*** Opening Given data ***
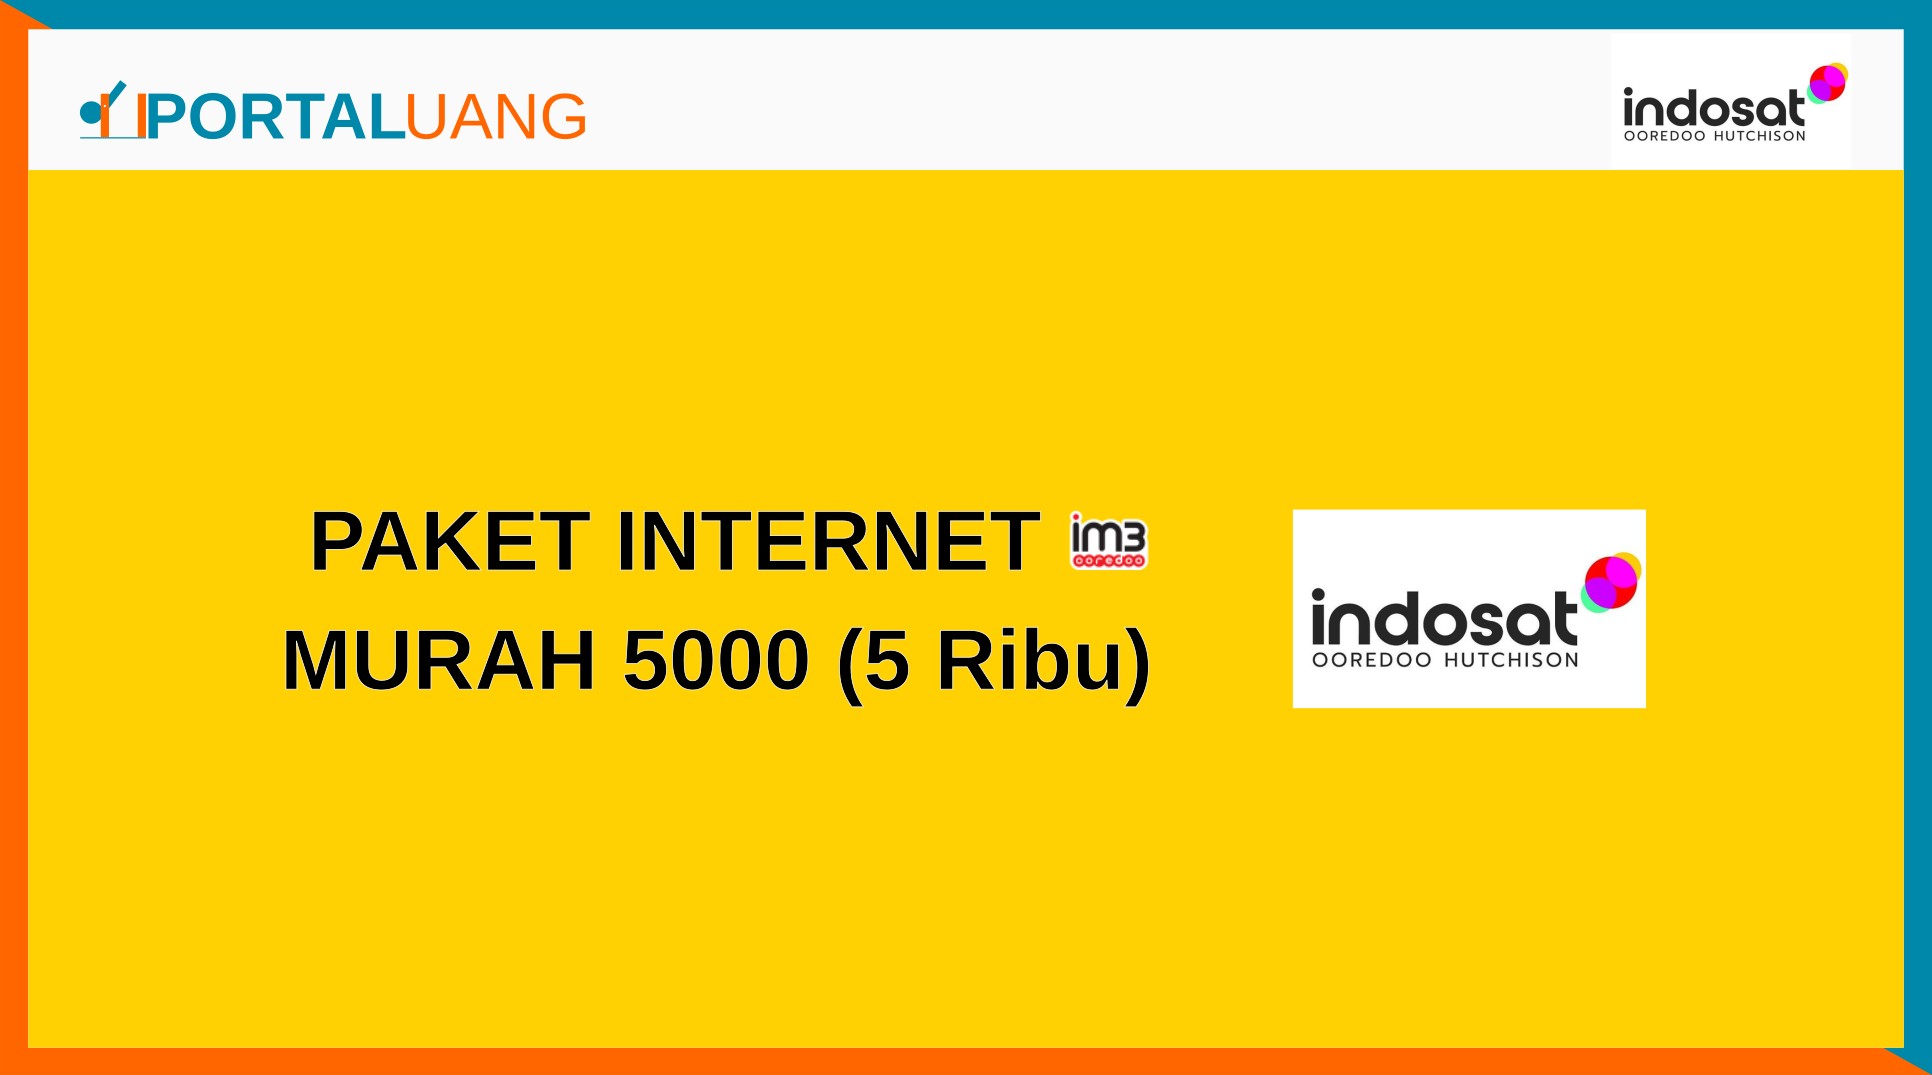 5 Paket Internet Indosat (IM3) Murah 5000 (5 Ribu) 2022
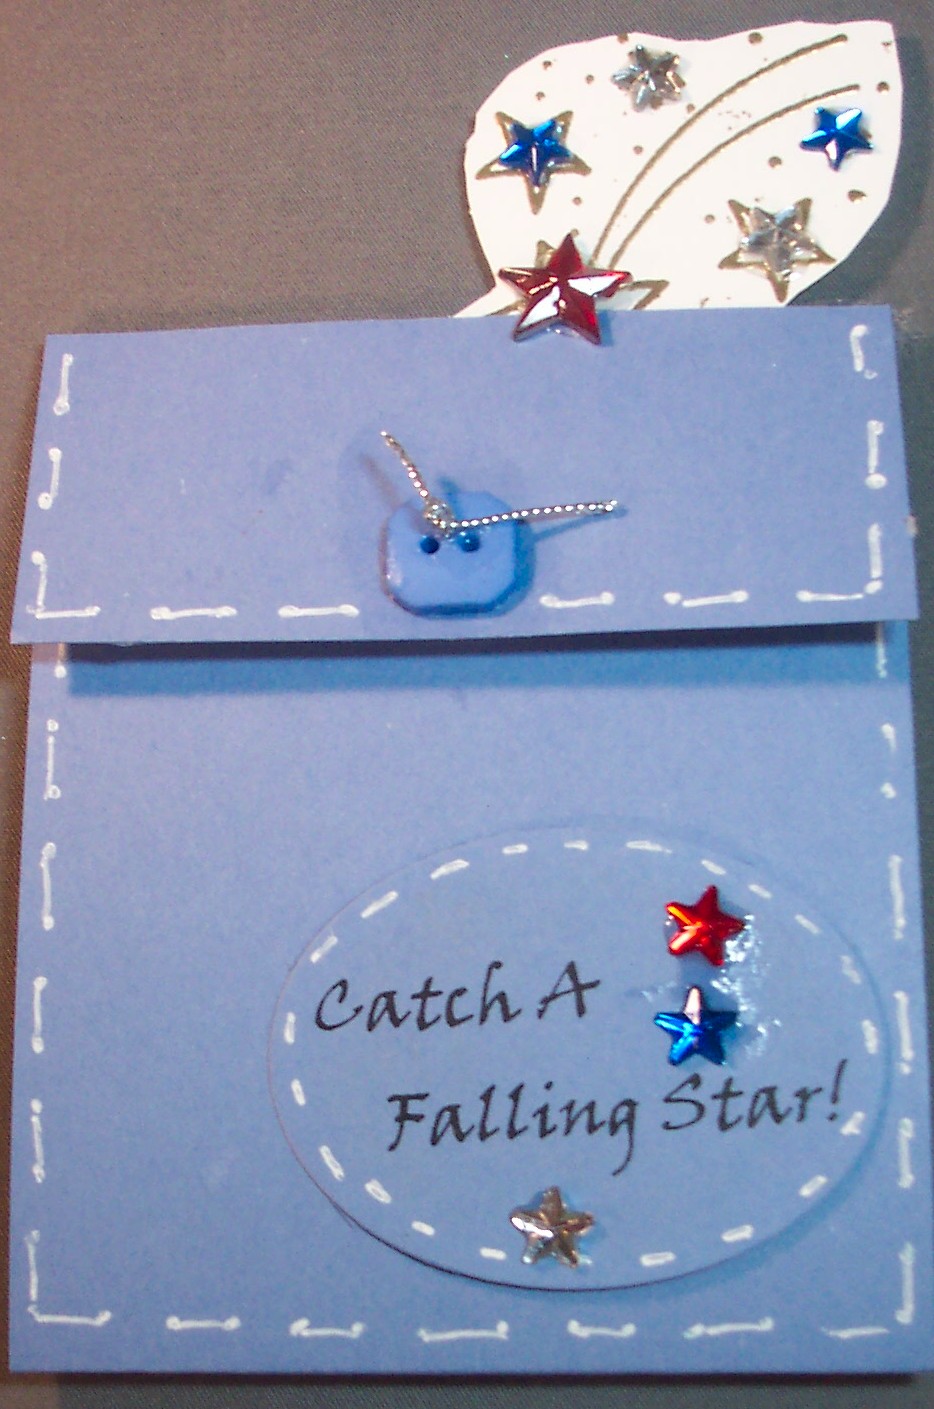 [Make+a+Wish-Catch+a+falling+star.jpg]
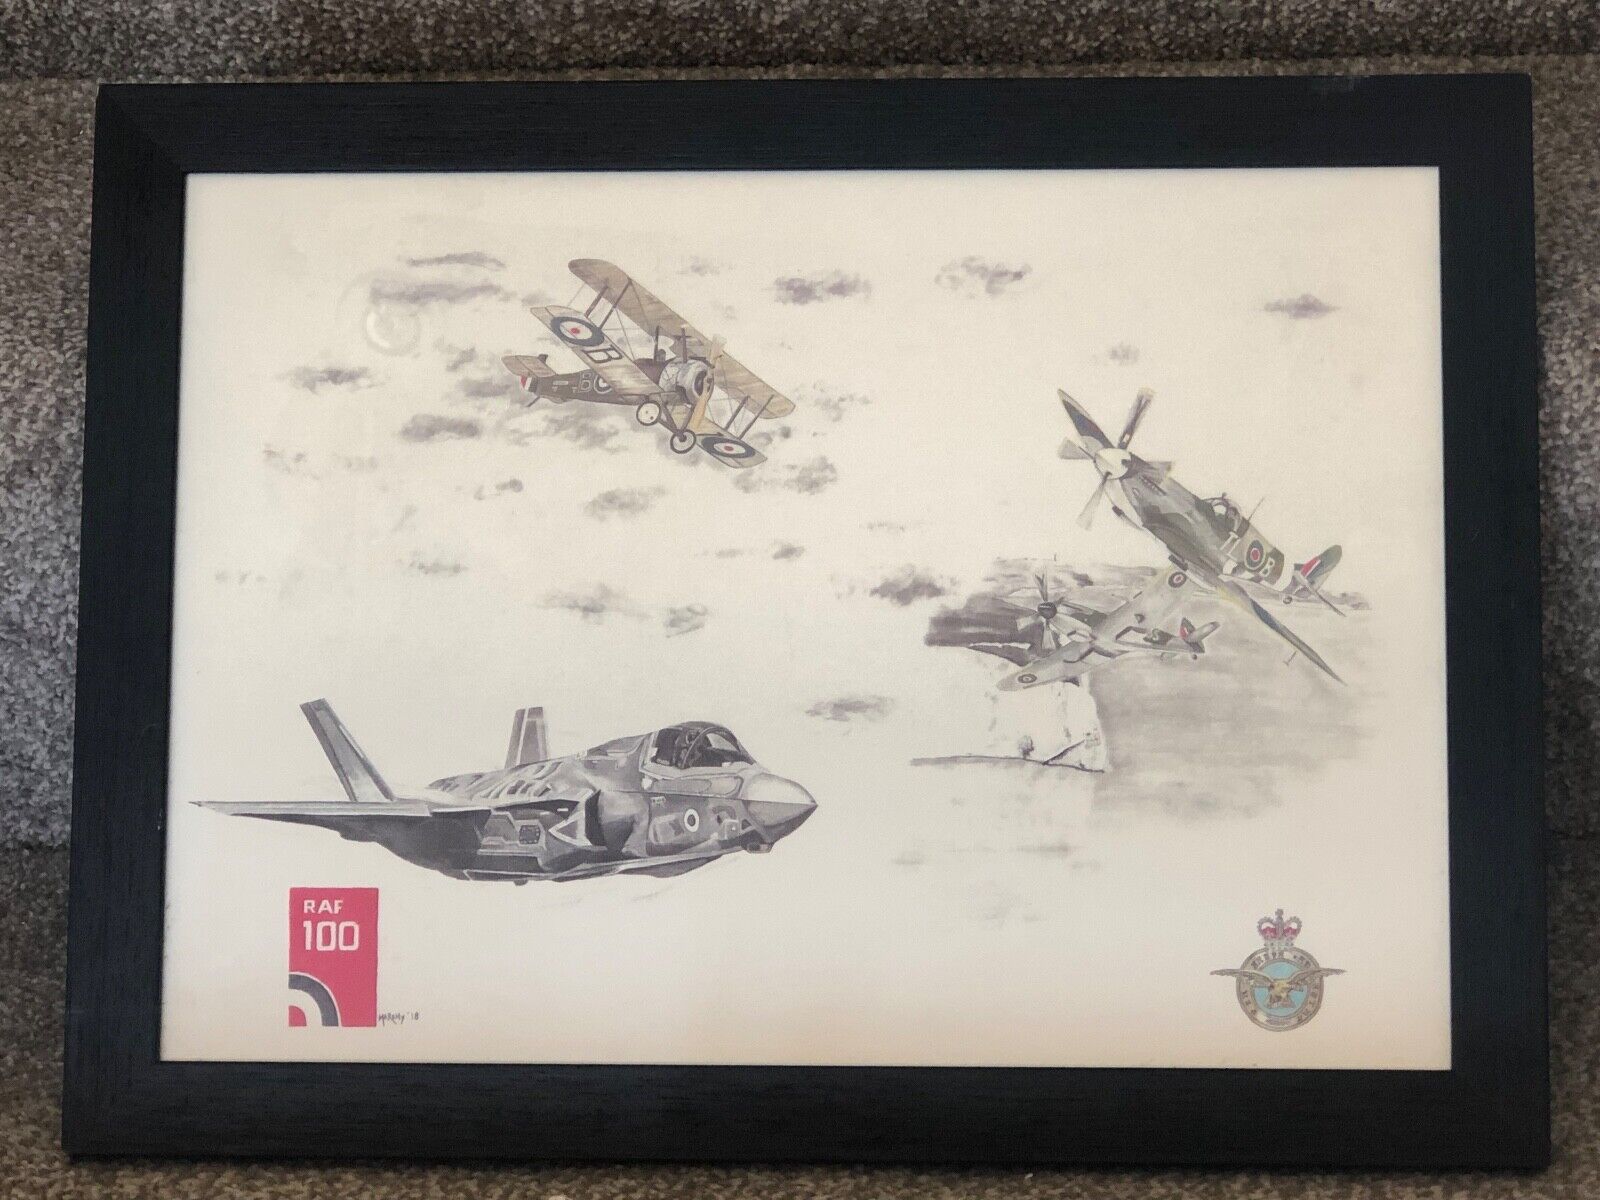 raf 100 - marshy  superb print of  various aircraft including spitfires
*** Closing Given data ***
_Brief_
Write out the whole listing above exactly, minus images.

_Output for this exercise_
 5 Paket Internet Indosat (IM3) Murah 5000 (5 Ribu) 2022
 [Make+a+Wish-Catch+a+falling+star.jpg]
 raf 100 - marshy  superb print of  various aircraft including spitfires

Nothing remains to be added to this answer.